A vrai dire, pas vraiment. Mon esprit embrouillé refuse d'intégrer la moindre information reçue depuis ce matin, même si je dois avouer que son changement de personnalité commence à m'inquiéter.

- « Mh... Pour être honnête, je suis complètement perdue en ce moment. Mais je t'en prie, explique-moi ce qu'il se passe. »

Je ferme longuement mes paupières. Je ne sais si c'est la lumière de la chambre ou la présence de ce garçon, mais mon rythme cardiaque s'est légèrement accéléré depuis que je suis entrée dans cette pièce. Comme ce matin, mes oreilles bourdonnent, je tâche cependant de ne pas partager mon trouble, impatiente d'écouter ce que Yugi doit me dire.

- « Il y a fort longtemps, un esprit a été enfermé dans ce puzzle, celui d'un ancien pharaon d'Egypte. Cet esprit, c'est le mien, je pense... A vrai dire, j'ai perdu tous mes souvenirs liés à mon ancienne vie. »

Son discours, quoi que confus, me renvoie l'image d'un jeune homme totalement perdu. Un détail me saute aux yeux.

- « Alors, tu n'es pas Yugi ?

- Non, Yugi est celui qui a accepté de partager son corps avec moi. »

Cela sonne comme de la prostitution, mais je ne relèverai pas.

- « J'aimerais comprendre ce que j'ai ressenti tout à l'heure, quand tu m'as dit que t'avais trahie. »
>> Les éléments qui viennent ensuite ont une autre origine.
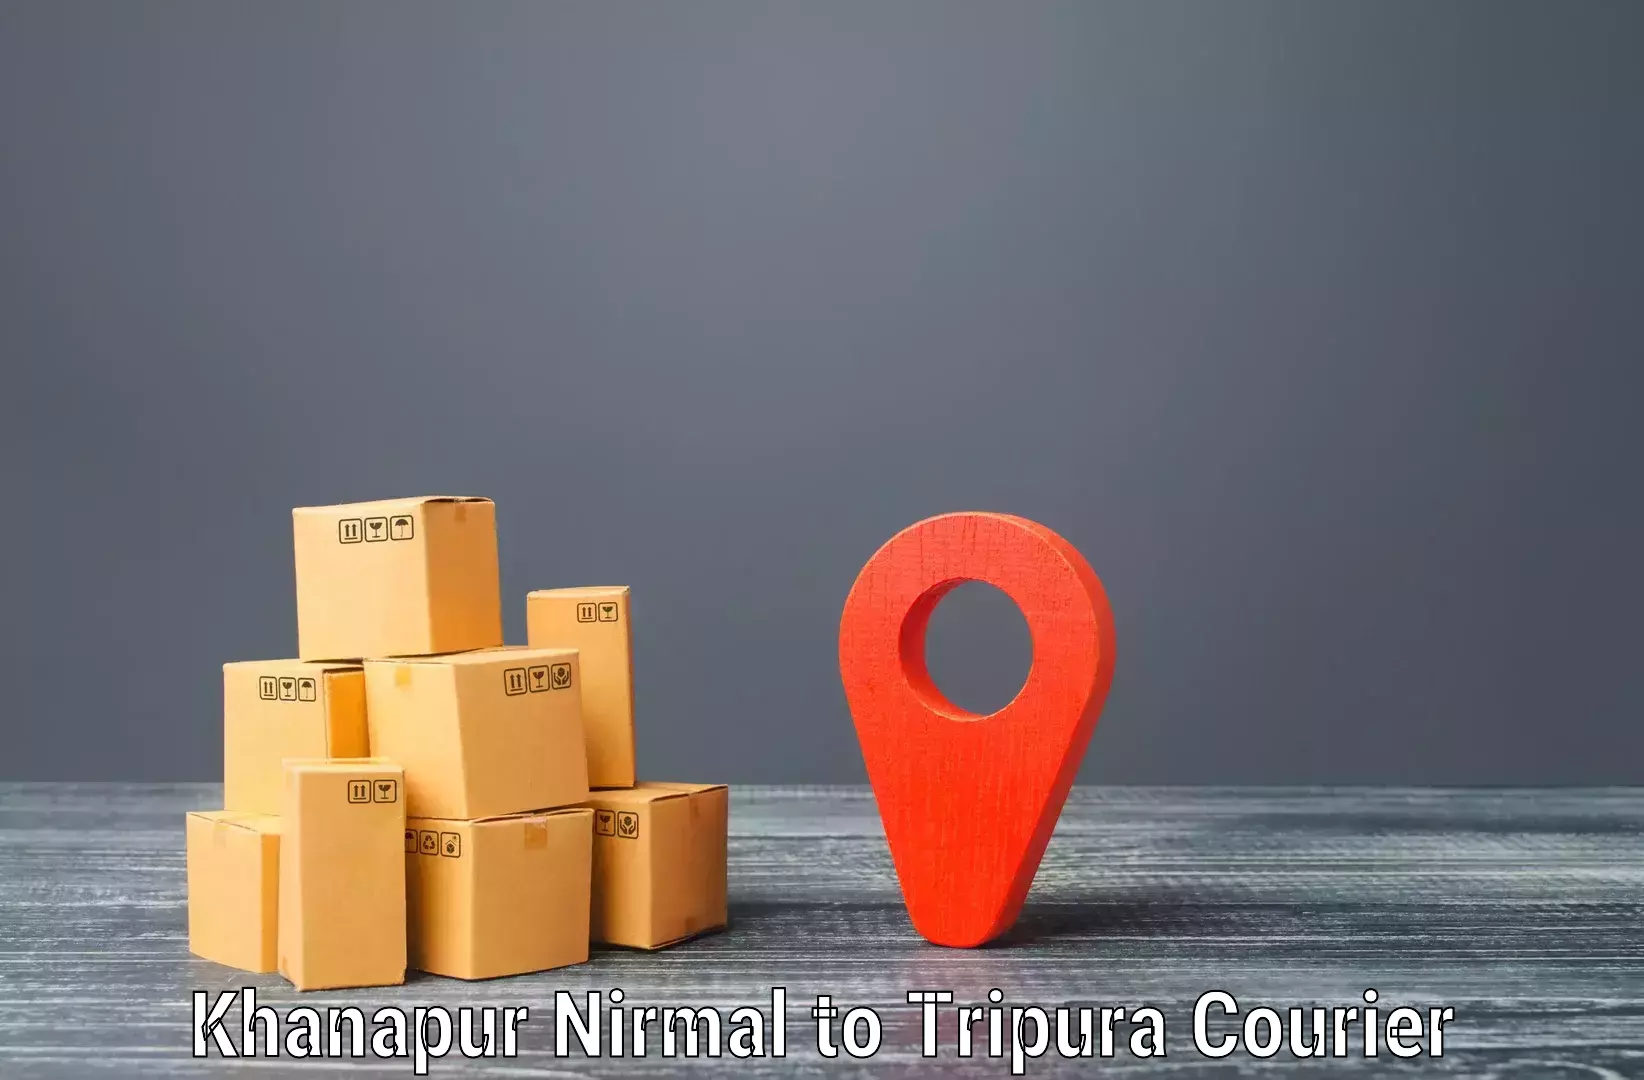 Courier service comparison Khanapur Nirmal to Dharmanagar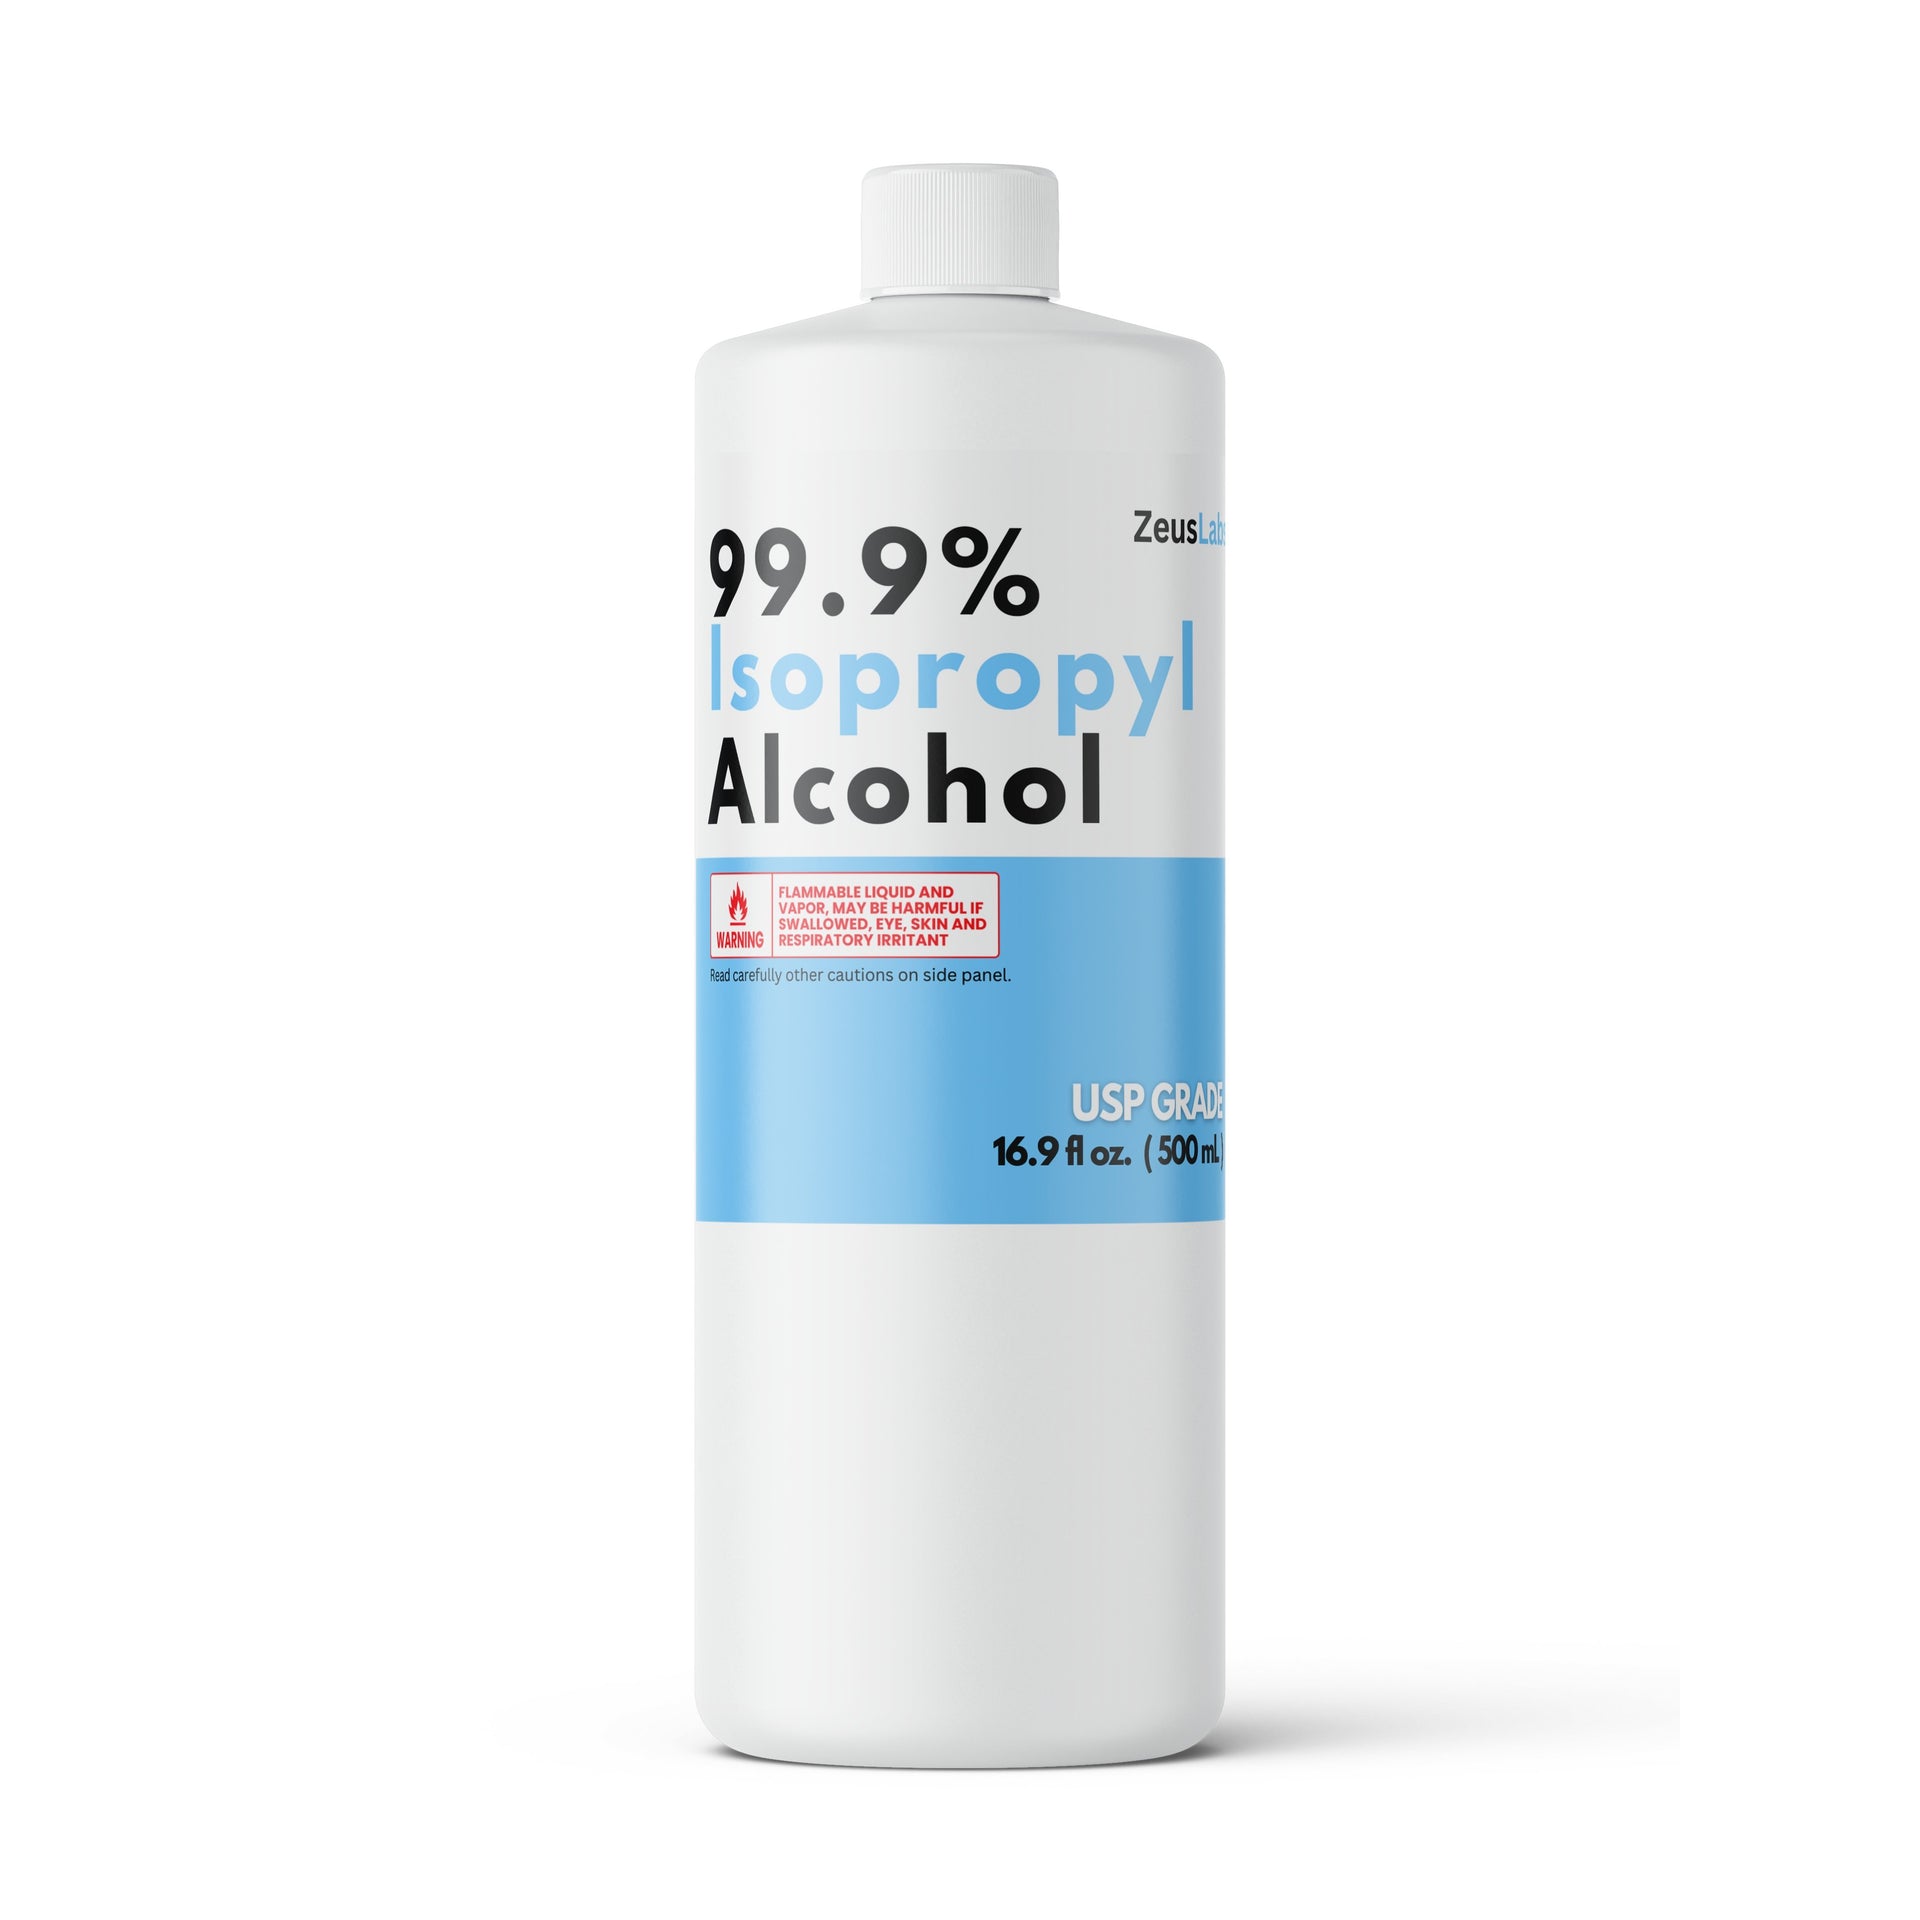 ISOPROPYL ALCOHOL 99.9%

Mes paroles exactes étaient « Idiot de pharaon, tu nous as tous trahis », il n'y avait pas que moi dans l'équation. Malgré cela, je suis incapable de lui expliquer ce qu'il m'a pris. Une sorte d'absence sans doute, qui aurait tapé dans le mille dans le plus grand des hasards.

- « J-je suis désolée de te décevoir, mais je n'ai aucune idée de la raison qui m'a poussée à te dire une chose pareille.

- Tu en es sûre ? »

Son regard s'accentue, il s'est penché vers moi de sorte à ce que son souffle caresse ma joue. Les bourdonnements s'intensifient, je peine à maintenir le haut de mon corps droit. Tout mon être m'invite à me coucher sur le matelas plutôt que de soutenir le contact de ses yeux améthyste.

- « N'insiste pas, je ne sais rien de tes histoires et ça ne me concerne pas. »

Un cri s'échappe de ma gorge quand sa main agrippe mon épaule et me plaque contre le matelas, à sa merci. Sa poigne est suffisamment forte pour me maintenir couchée, mais pas assez pour me faire mal. 

- « Alors pourquoi ?! »

J'ai peur. Mon cerveau me crie d'appeler à l'aide, mais aucun son ne sort de ma bouche, pétrifiée par la peur. Ses yeux s'assombrissent et ses traits se froncent devant mon absence de réaction. Intérieurement, je supplie le vrai Yugi de reprendre le contrôle de son corps, mais rien, sa main contrôlée par l'esprit renforce son emprise sur mon épaule. Qu’est-ce qui lui prend si soudainement ? Pourquoi Yugi ne réagit-il pas ?

- « Yugi ? Qu'est-ce qui se passe ici ? »

Pris en flagrant délit d'agression, Yugi s'écarte de moi d'un bond, les yeux tournés vers mon sauveur. Dans un sursaut de survie, je me relève du lit et me précipite vers la porte d'entrée, derrière un autre jeune homme aux cheveux blancs mais à la peau beaucoup plus bronzée.

- « Ce n'est pas ce que ... »

Mon sauveur interrompt l'esprit du puzzle dans sa tentative de justifier ses actes.

- « Il vaudrait mieux en reparler au calme plus tard. Je vais la raccompagner. »

Il pose alors une main bienveillante sur mon épaule, à l'endroit où Yugi avait déposé la sienne. Je me sens plus détendue et sereine, malgré la frayeur. L'inconnu décide de refermer la porte dernière nous, m'invitant à rebrousser chemin.

- « Désolé de ce qui vient de se passer. »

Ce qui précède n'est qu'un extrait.